Par Joël Onana
La police haïtienne a annoncé mardi 19 novembre avoir tué, avec l’appui d’habitants de Port-au-Prince, 28 membres de gangs armés, après que ces derniers eurent lancé une offensive dans la capitale de ce pays des Caraïbes en plein chaos.
Signe d’une très forte insécurité, Médecins sans frontières (Msf) va suspendre à partir de mercredi son travail à Port-au-Prince et accuse les forces de police de “violences et menaces” à son encontre depuis plus d’une semaine.
L’Ong rappelle dans un communiqué avoir dénoncé le 13 novembre des incidents, deux jours plus tôt, quand l’une de ses ambulances “avait été attaquée, entraînant l’exécution d’au moins deux patients et une agression contre le personnel médical”. “La semaine qui a suivi, des policiers ont arrêté à plusieurs reprises des véhicules de Msf et menacé directement le personnel, incluant des menaces de mort et de viol”, dénonce-t-elle.
Dans la nuit de lundi à mardi, des policiers ont intercepté un camion et un minibus transportant des membres de gangs armés à Pétion-Ville, commune aisée de la banlieue de Port-au-Prince, et dans le centre de la capitale, a expliqué à l’Afp le porte-parole adjoint de la police nationale.
Les forces de l’ordre ont alors ouvert le feu sur ces membres de gangs, en tuant dix d’entre eux, selon la même source. D’autres ont été poursuivis et tués par des habitants organisés en groupes d’autodéfense et par des policiers.D’après un photographe de l’Afp, des cadavres de personnes, décrites comme des membres de ces bandes criminelles, ont par la suite été brûlés dans une rue de Pétion-Ville.

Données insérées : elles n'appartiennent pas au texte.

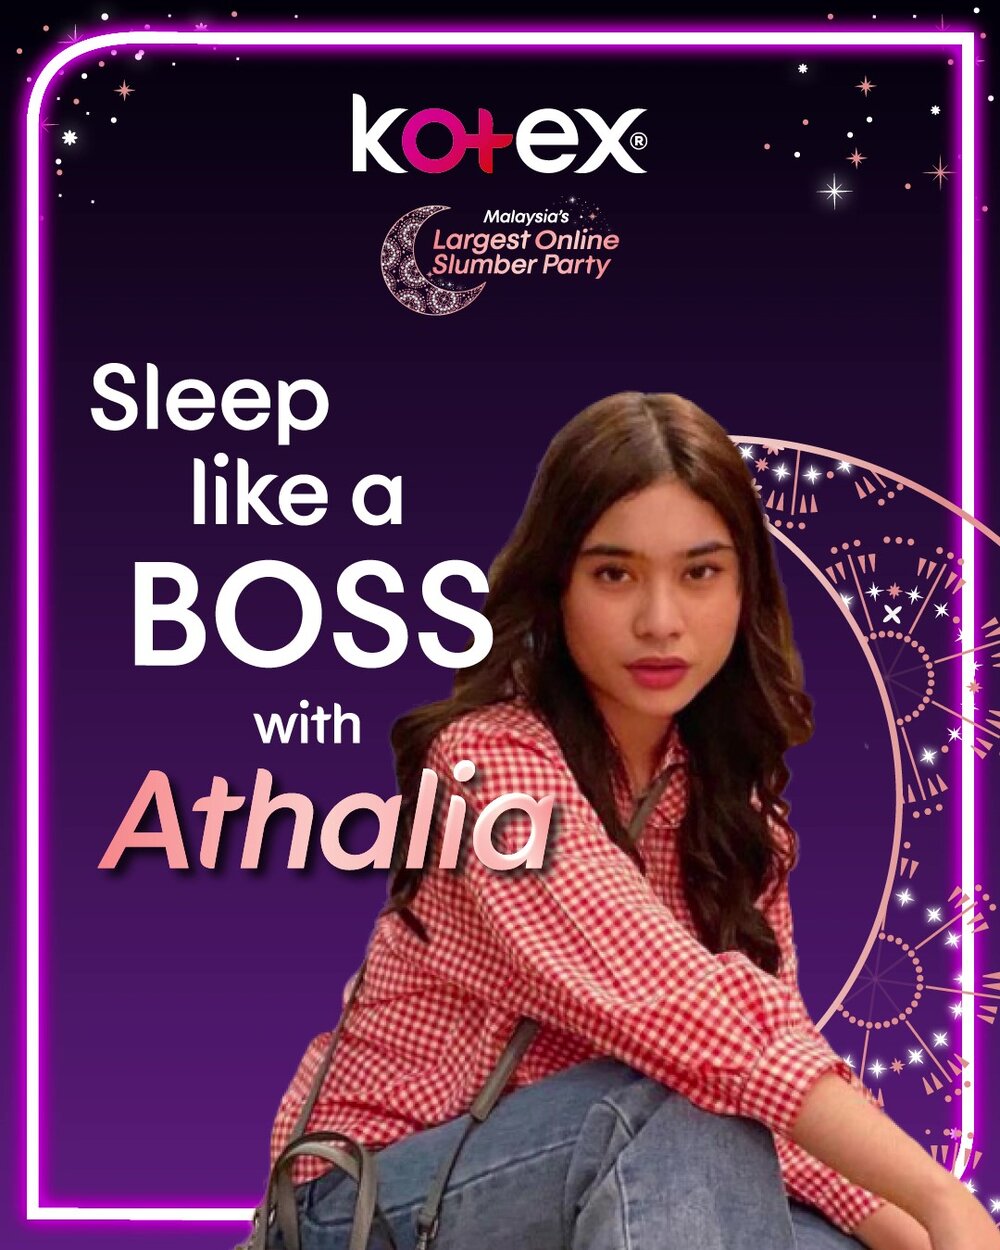 Kotex Slumber Party Poster - Sleep Like A Boss with Athalia.jpg

Le bilan s’élève à 28 morts selon la police.
Des habitants ont raconté à l’Afptv, sous couvert d’anonymat, que “des gangs sont arrivés en camion, armés de gros calibres, de pioches, de grands marteaux, afin de provoquer des troubles et répandre la terreur à Pétion-Ville”. Mais, a assuré l’un d’eux, “on fera la peau à quiconque tente d’attaquer Pétion-Ville (car) nous sommes déterminés à préserver la sécurité de notre ville”.
Déplacement de population
Depuis la semaine dernière, Port-au-Prince est secouée par une nouvelle flambée de violences attisée par “Viv Ansanm” (Vivre ensemble), alliance de gangs formée en février et parvenue à renverser le Premier ministre d’alors, Ariel Henry. Cette coalition a lancé une attaque contre Pétion-Ville et les quartiers Bourdon et Canapé Vert, après un appel sur les réseaux sociaux de l’un de ses chefs, Jimmy Chérisier, alias “Barbecue”.
Ce dernier a “exigé la démission du Conseil présidentiel de transition” (Cpt), la tête de l’exécutif. Le secrétaire général de l’Onu Antonio Guterres est inquiet “de l’escalade de la violence en Haïti”, selon son porte-parole, et exhorte à faire “des progrès urgents dans la transition politique”.
Ces violences surviennent en pleine crise politique avec le limogeage le 10 novembre par le Cpt du Premier ministre, Garry Conille, lequel a été remplacé le 11 par l’homme d’affaires Alix Didier Fils-Aimé. Il a promis de rétablir la sécurité et d’organiser les premières élections depuis 2016.
Haïti, pays le plus pauvre des Amériques, pâtit depuis longtemps des violences de bandes criminelles, accusées de meurtres, viols, pillages et enlèvements contre rançon. La semaine dernière, des tirs d’armes à feu sur trois avions de compagnies américaines ont poussé le régulateur fédéral de l’aviation civile à interdire les vols commerciaux entre les Etats-Unis et Haïti. L’aéroport de Port-au-Prince est fermé depuis.
Aux violences s’ajoute une situation humanitaire catastrophique qui a forcé la semaine dernière plus de 20 000 personnes à se déplacer, selon l’Organisation internationale pour les migrations (Oim), du jamais-vu avec “une telle ampleur […] depuis août 2023”. Il y a pourtant en Haïti une mission multinationale de soutien à la police. Appuyée par l’Onu et les États-Unis, elle est conduite par le Kenya qui y a déployé cet été un peu plus de 400 hommes.
La représentation locale des Nations unies a dénombré 1 233 meurtres entre juillet et septembre, dont 45 % imputables aux forces de l’ordre et 47 % aux gangs, dans un pays de 12 millions d’habitants.